**EXERCISE**: All of the data is to be printed exactly, though the images must be left off.

**DATA**:

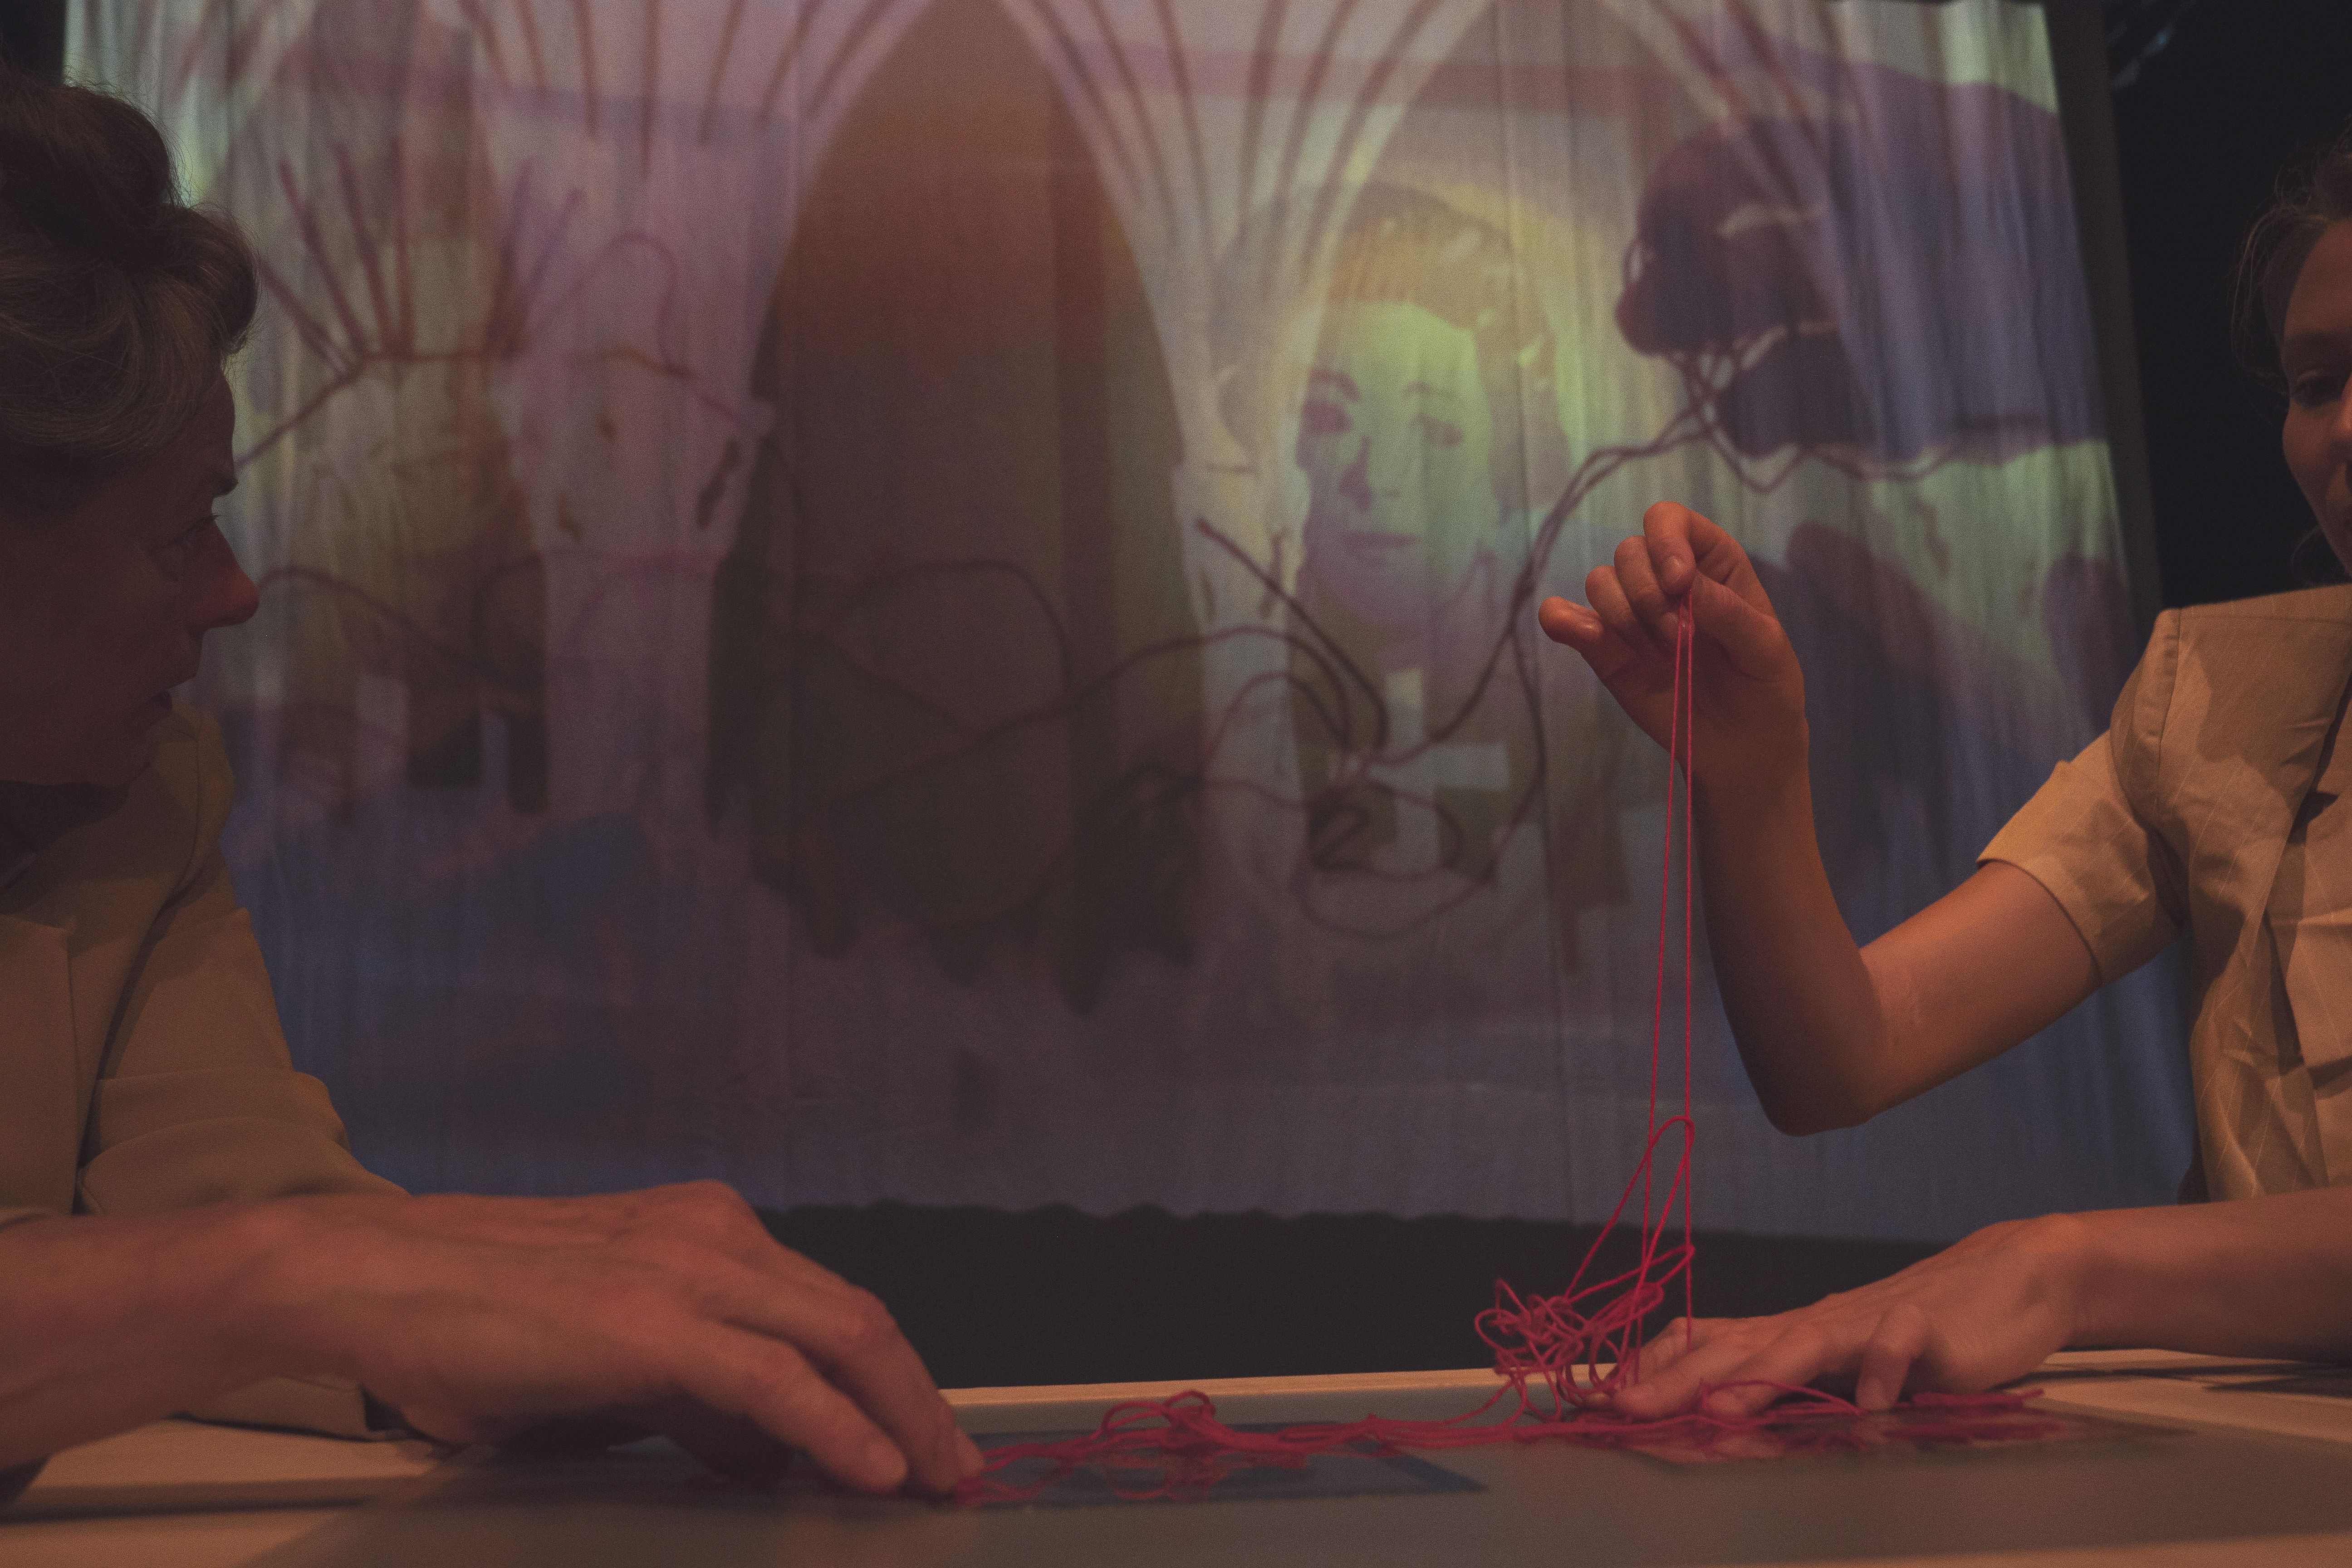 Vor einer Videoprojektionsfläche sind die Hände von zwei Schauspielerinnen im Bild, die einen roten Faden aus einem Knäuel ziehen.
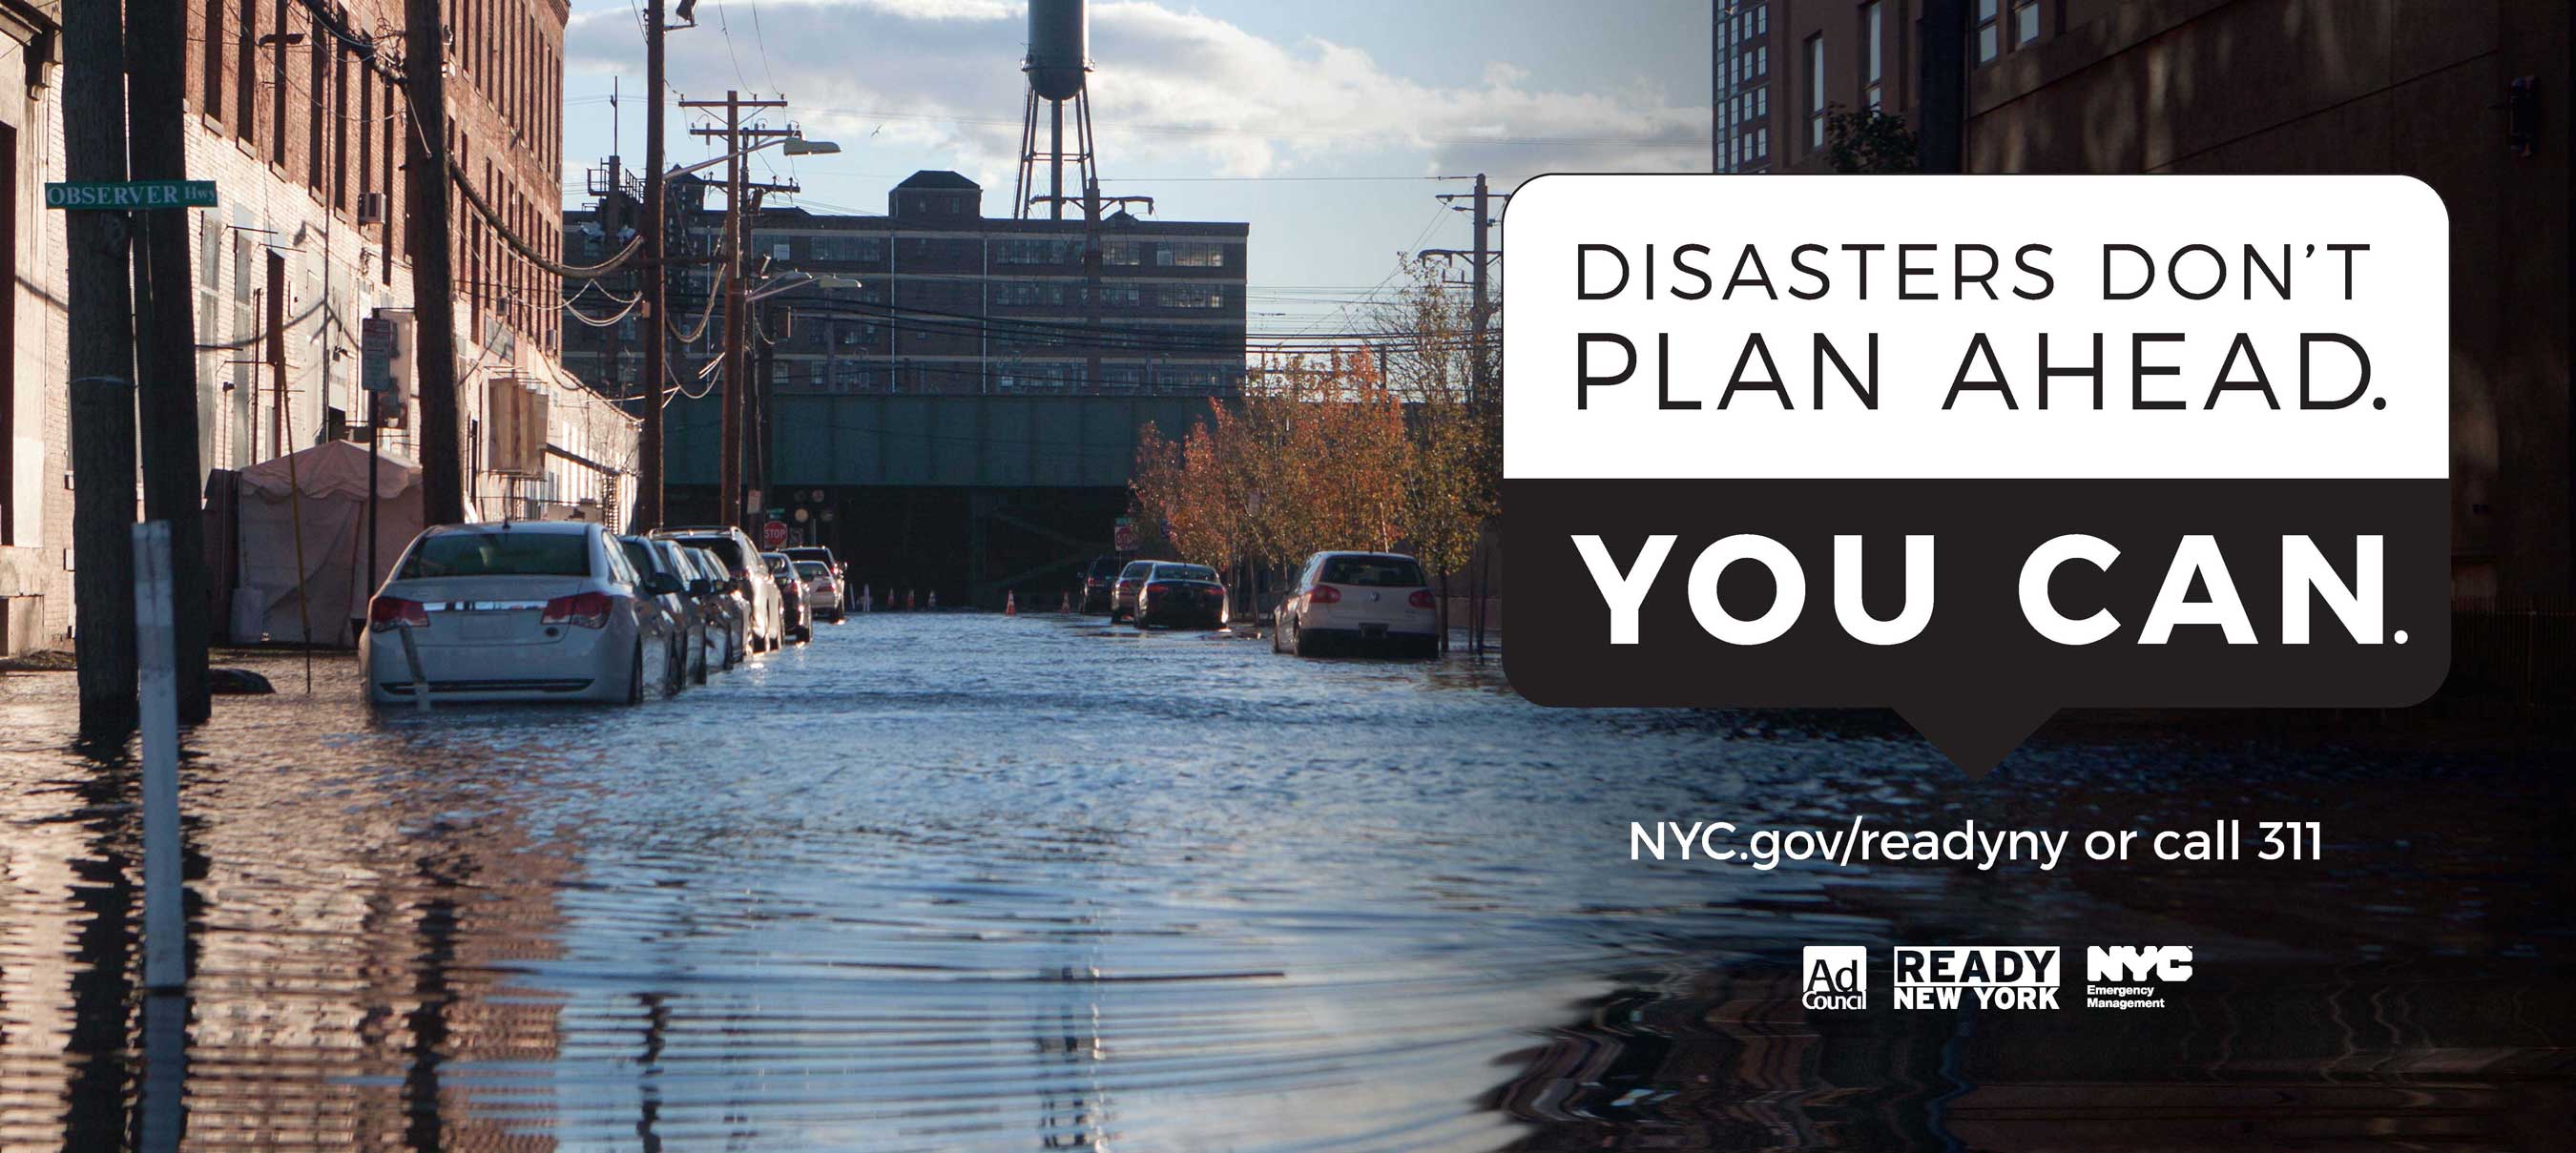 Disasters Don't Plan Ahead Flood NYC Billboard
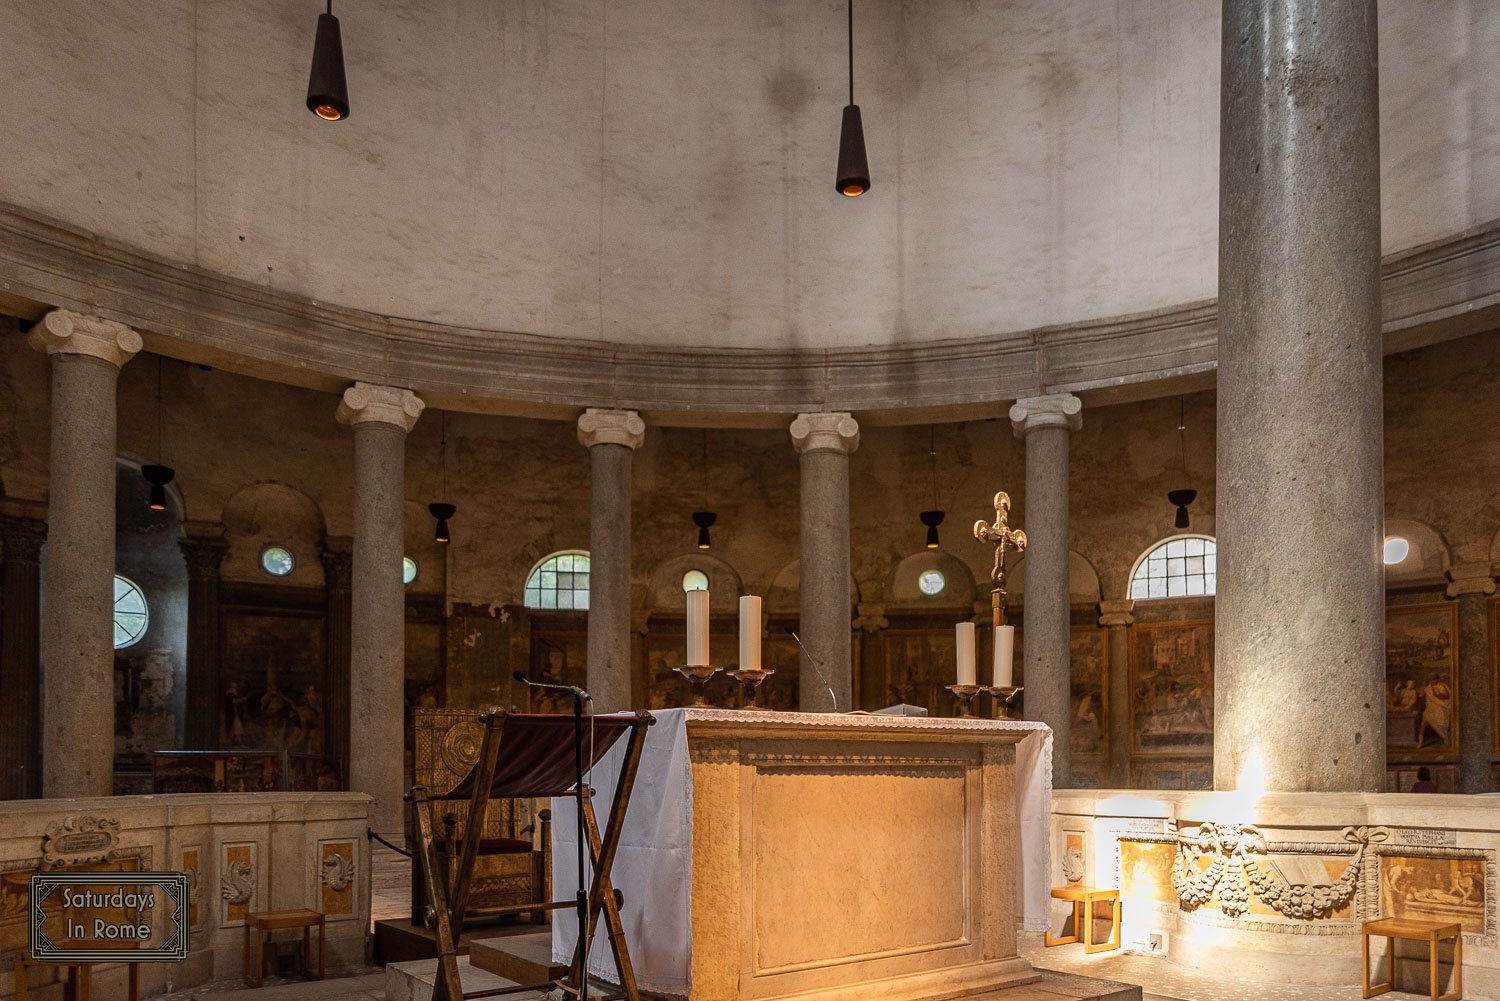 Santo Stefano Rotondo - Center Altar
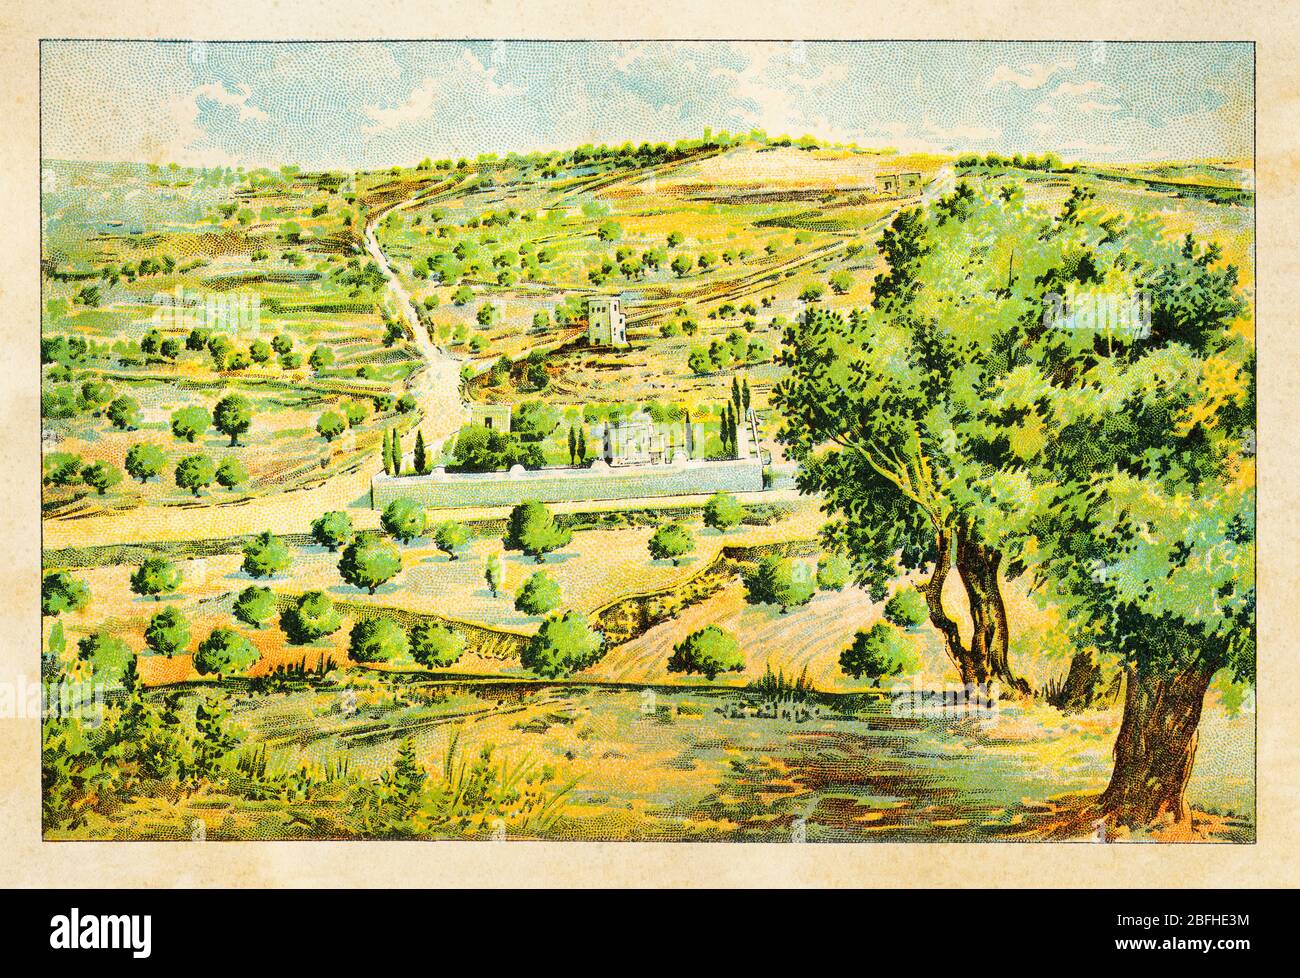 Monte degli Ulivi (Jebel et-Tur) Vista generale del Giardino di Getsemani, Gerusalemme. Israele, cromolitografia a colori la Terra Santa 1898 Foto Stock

**EXPECTED ANSWER**:
 Vor einer Videoprojektionsfläche sind die Hände von zwei Schauspielerinnen im Bild, die einen roten Faden aus einem Knäuel ziehen.
 Disasters Don't Plan Ahead Flood NYC Billboard
 Santo Stefano Rotondo - Center Altar
 Monte degli Ulivi (Jebel et-Tur) Vista generale del Giardino di Getsemani, Gerusalemme. Israele, cromolitografia a colori la Terra Santa 1898 Foto Stock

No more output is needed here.